Segment Start: SUPPLIED INFORMATION

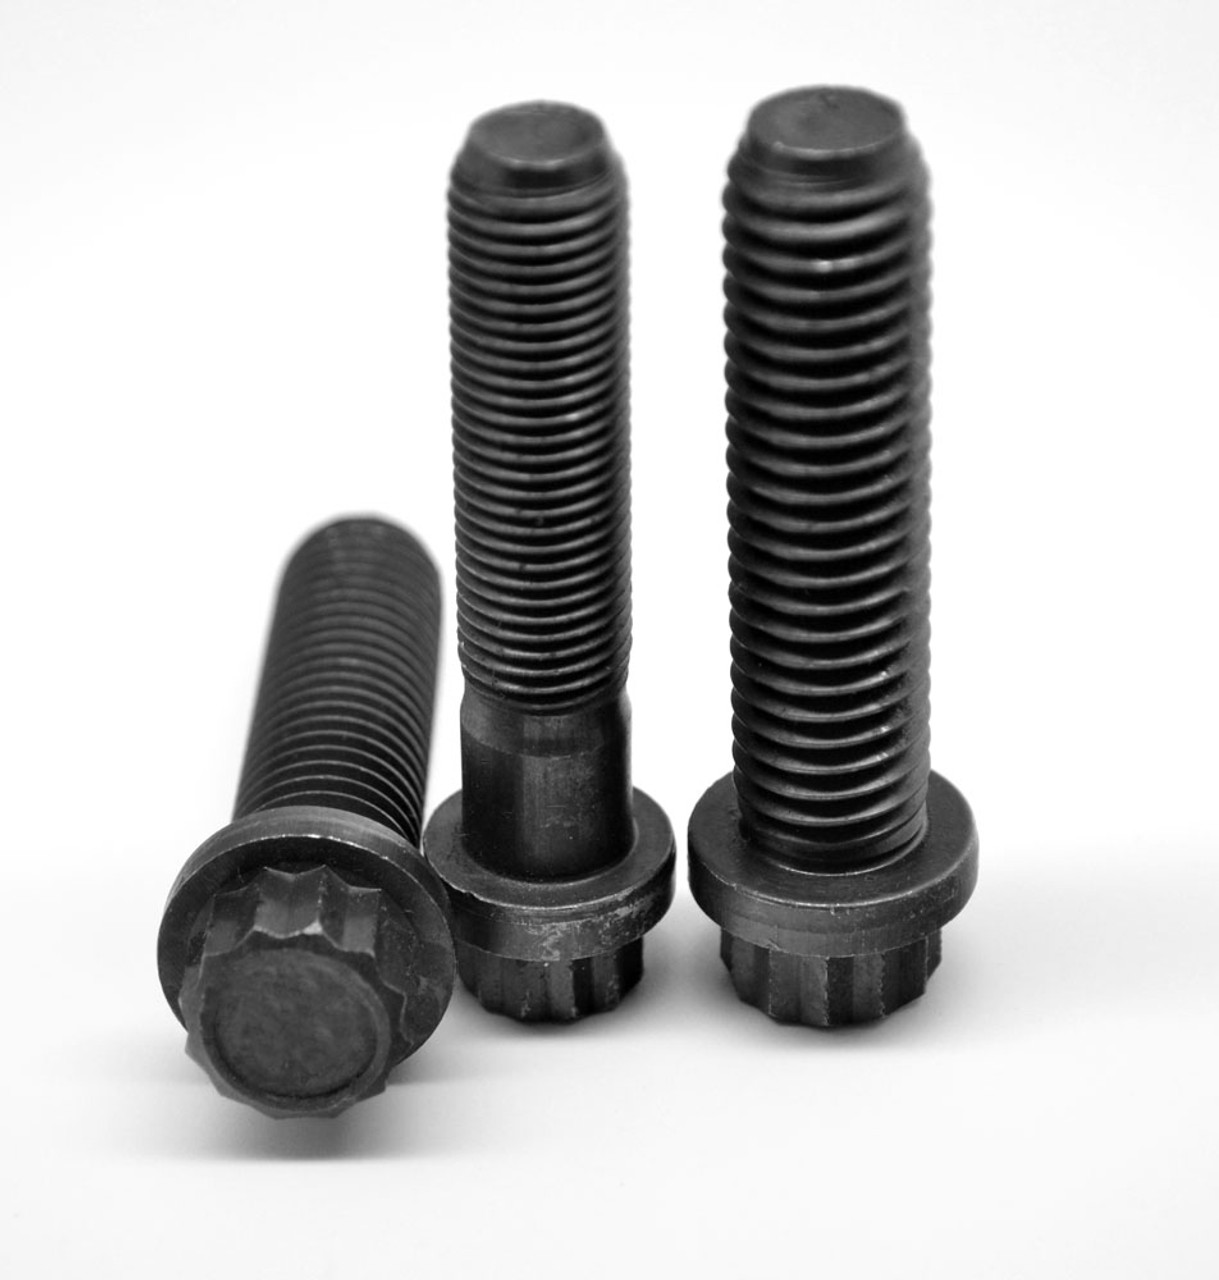 3/4-10 x 4 Coarse Thread 12-Point Flange Screw Alloy Steel Thermal Black Oxide
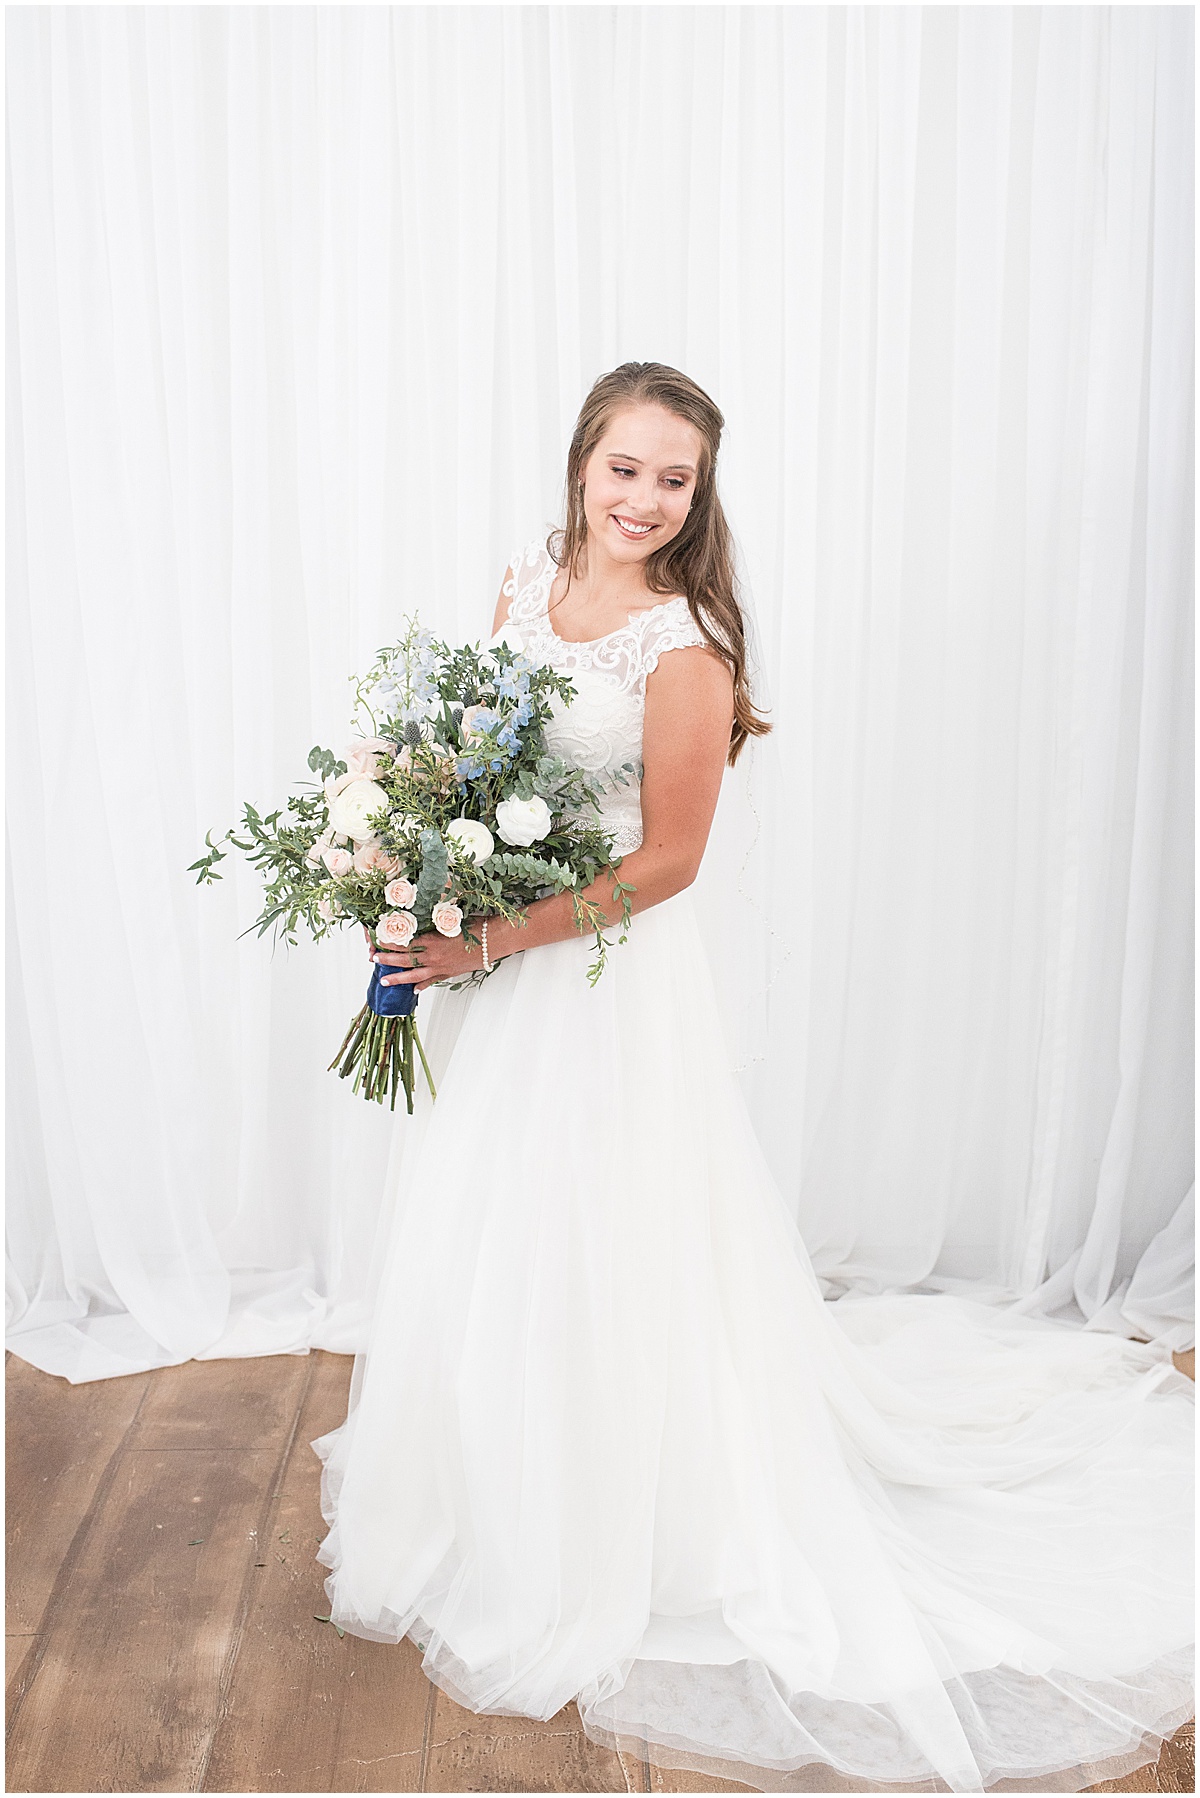 Bridal Portraits at The Blessing Barn in Lafayette, Indiana
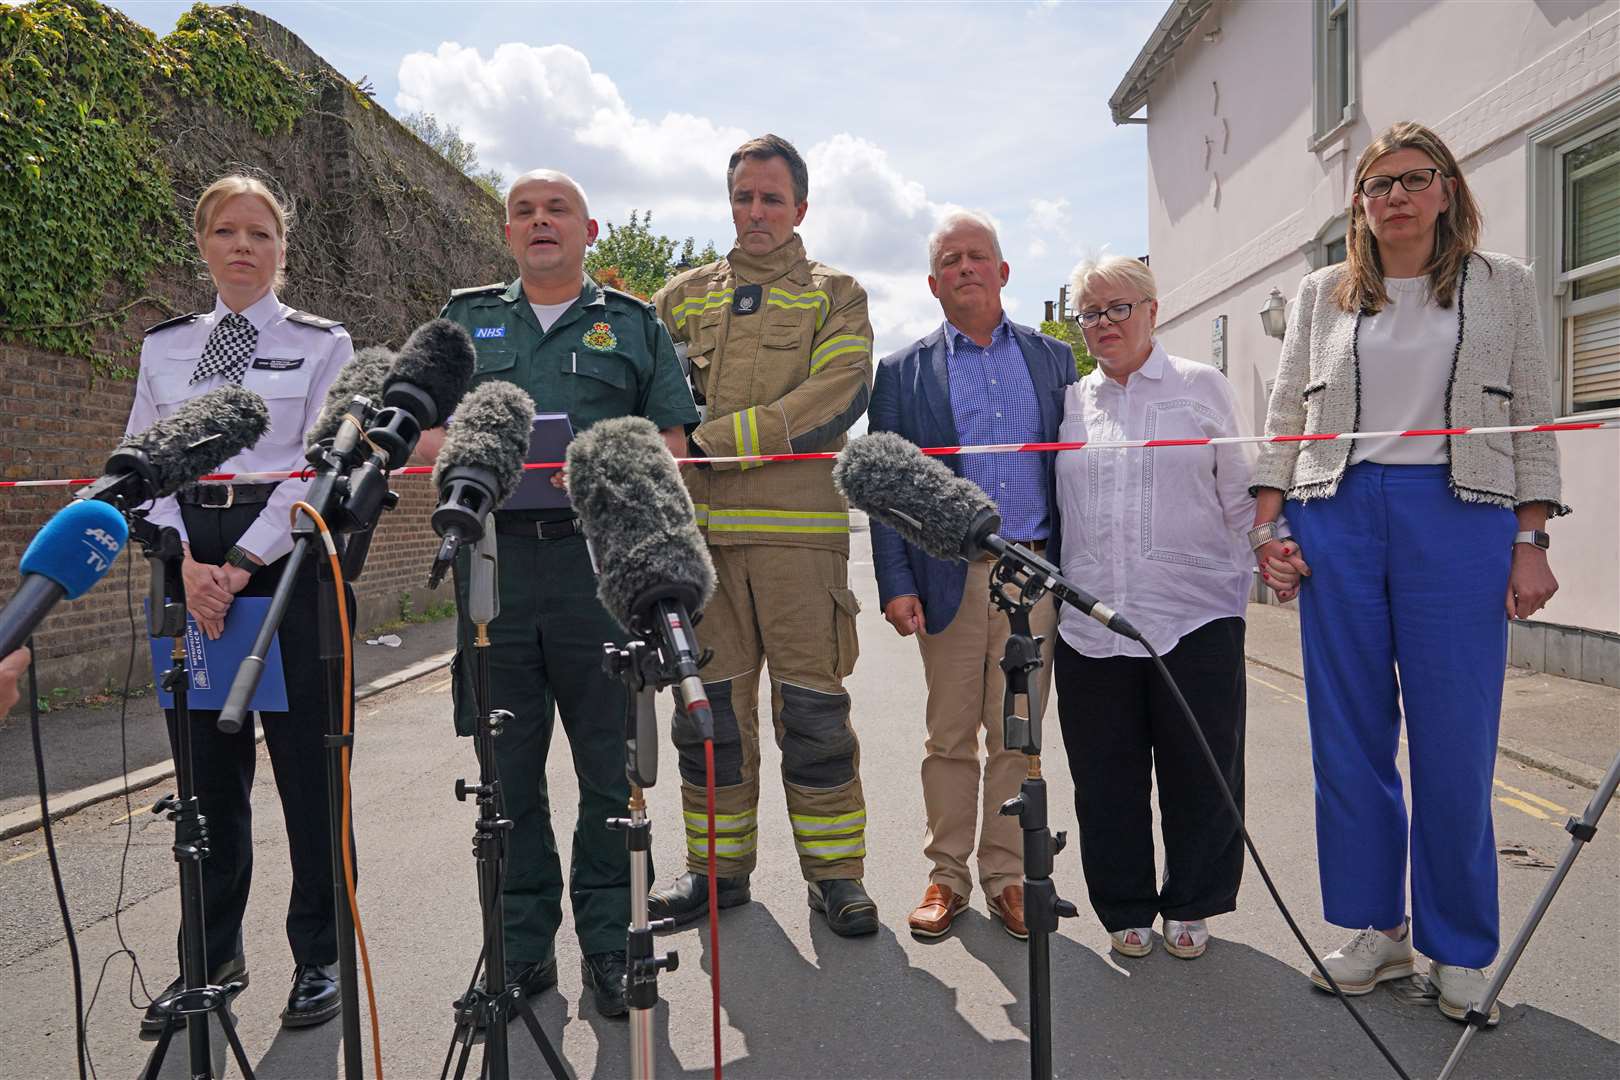 Metropolitan Police Detective Chief Superintendent Clair Kelland, left to right, Chief Paramedic Dr John Martin from the London Ambulance Service, Andrew Pennick, London Fire Brigade, and school governor John Tucker, speak to the media (Yui Mok/PA)
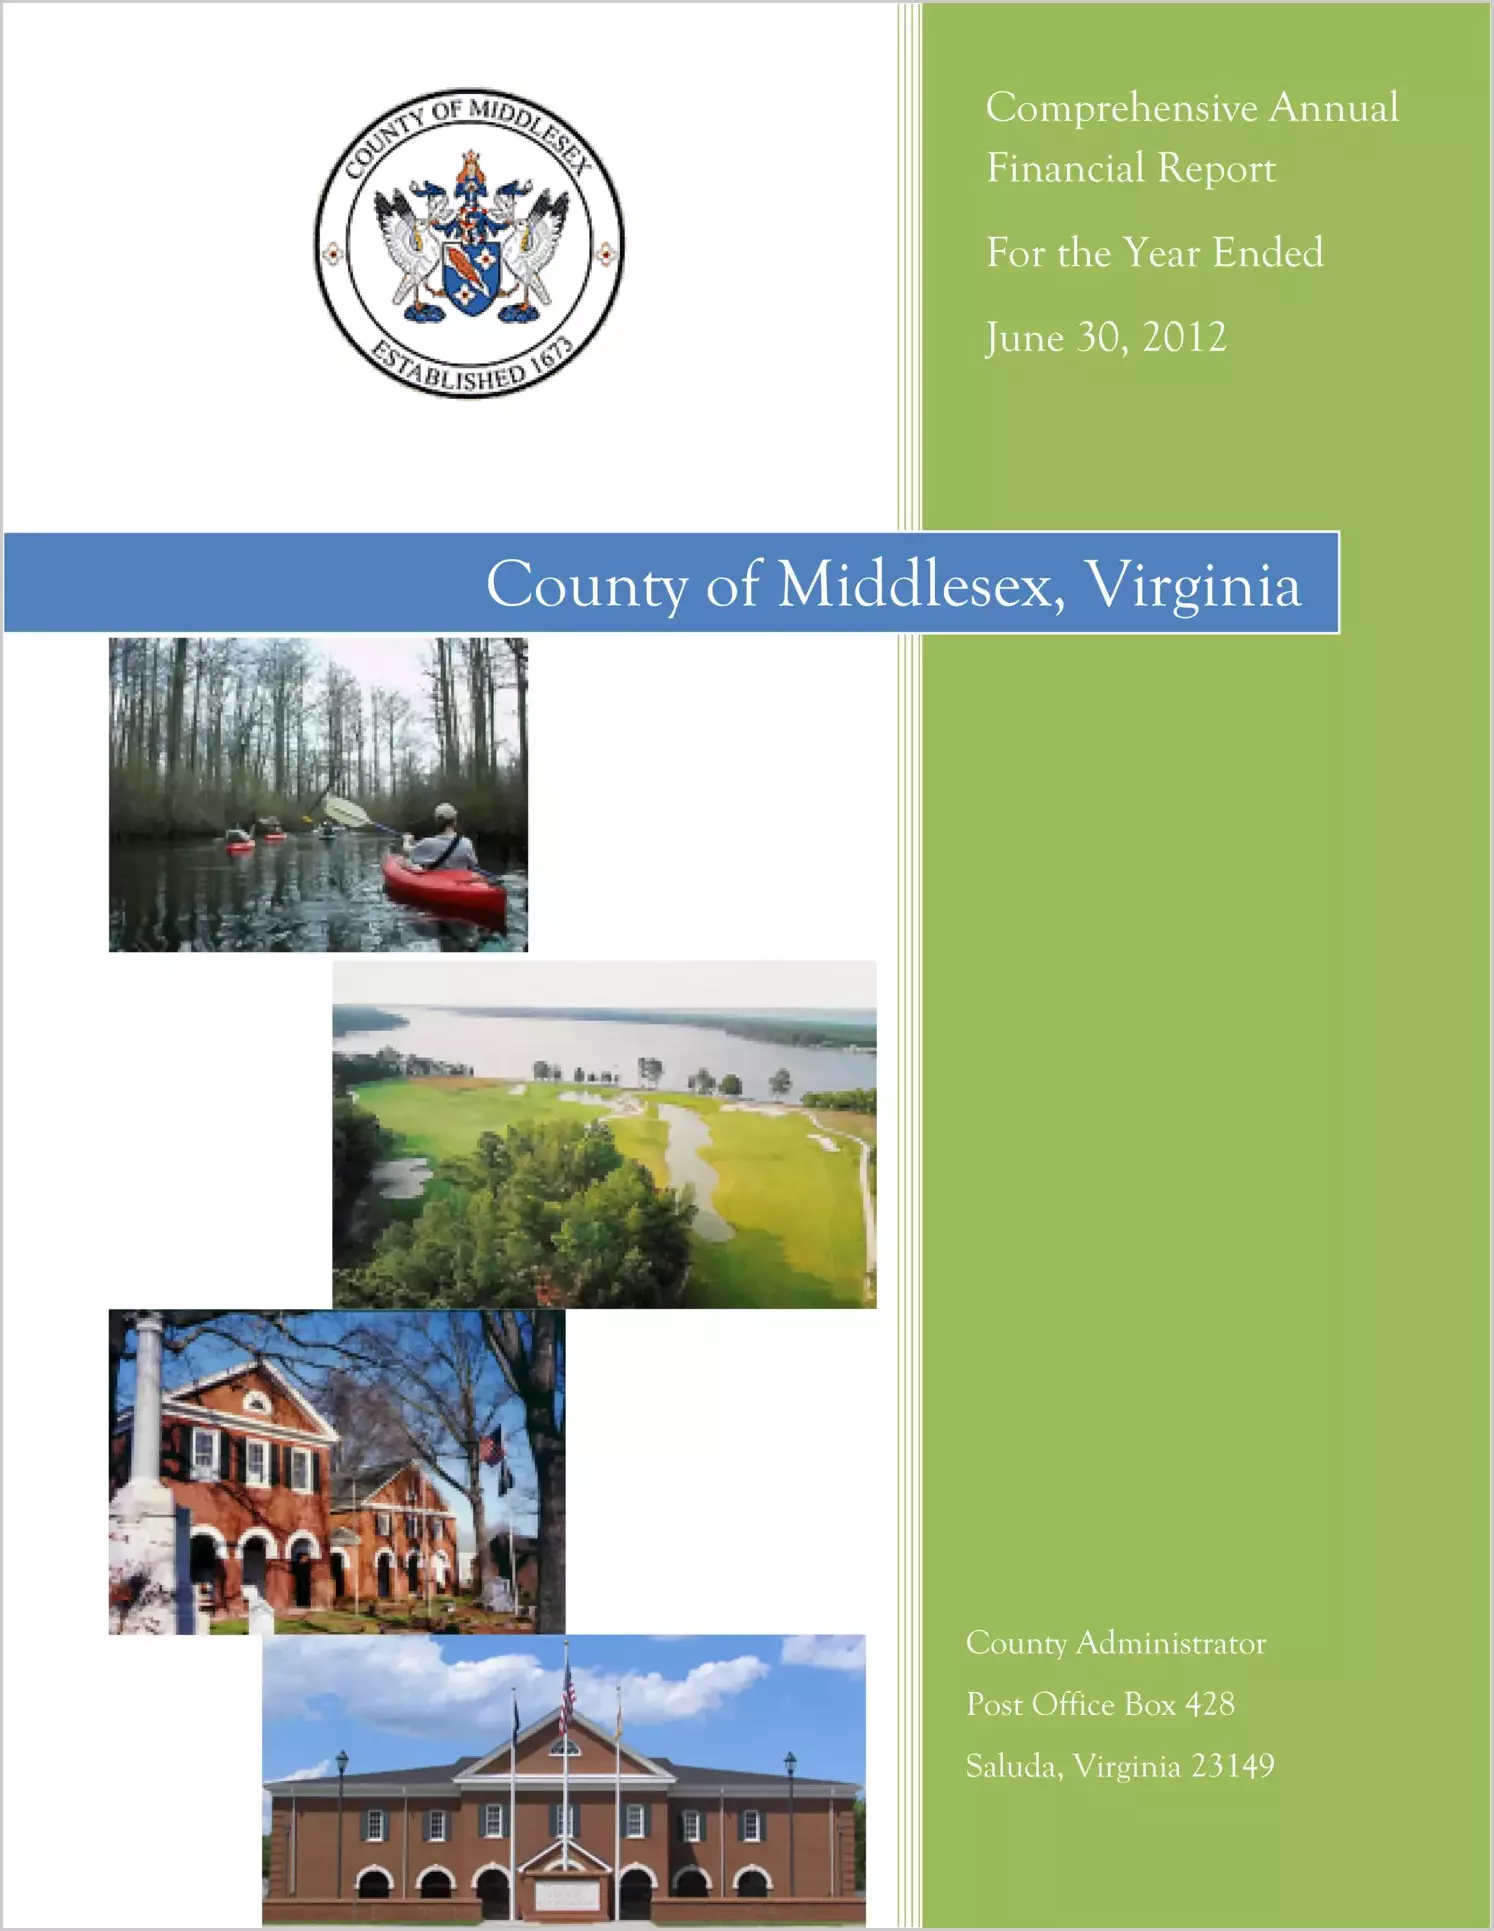 2012 Annual Financial Report for County of Middlesex

Segment End: SUPPLIED INFORMATION

• [TASK TO COMPLETE]
Copy exactly the lines that run from the line containing "Metropolitan Police Detective" to the end of the data, keeping both end lines and dropping every picture.

• [ANSWER TO THIS PROBLEM]
 Metropolitan Police Detective Chief Superintendent Clair Kelland, left to right, Chief Paramedic Dr John Martin from the London Ambulance Service, Andrew Pennick, London Fire Brigade, and school governor John Tucker, speak to the media (Yui Mok/PA)
 2012 Annual Financial Report for County of Middlesex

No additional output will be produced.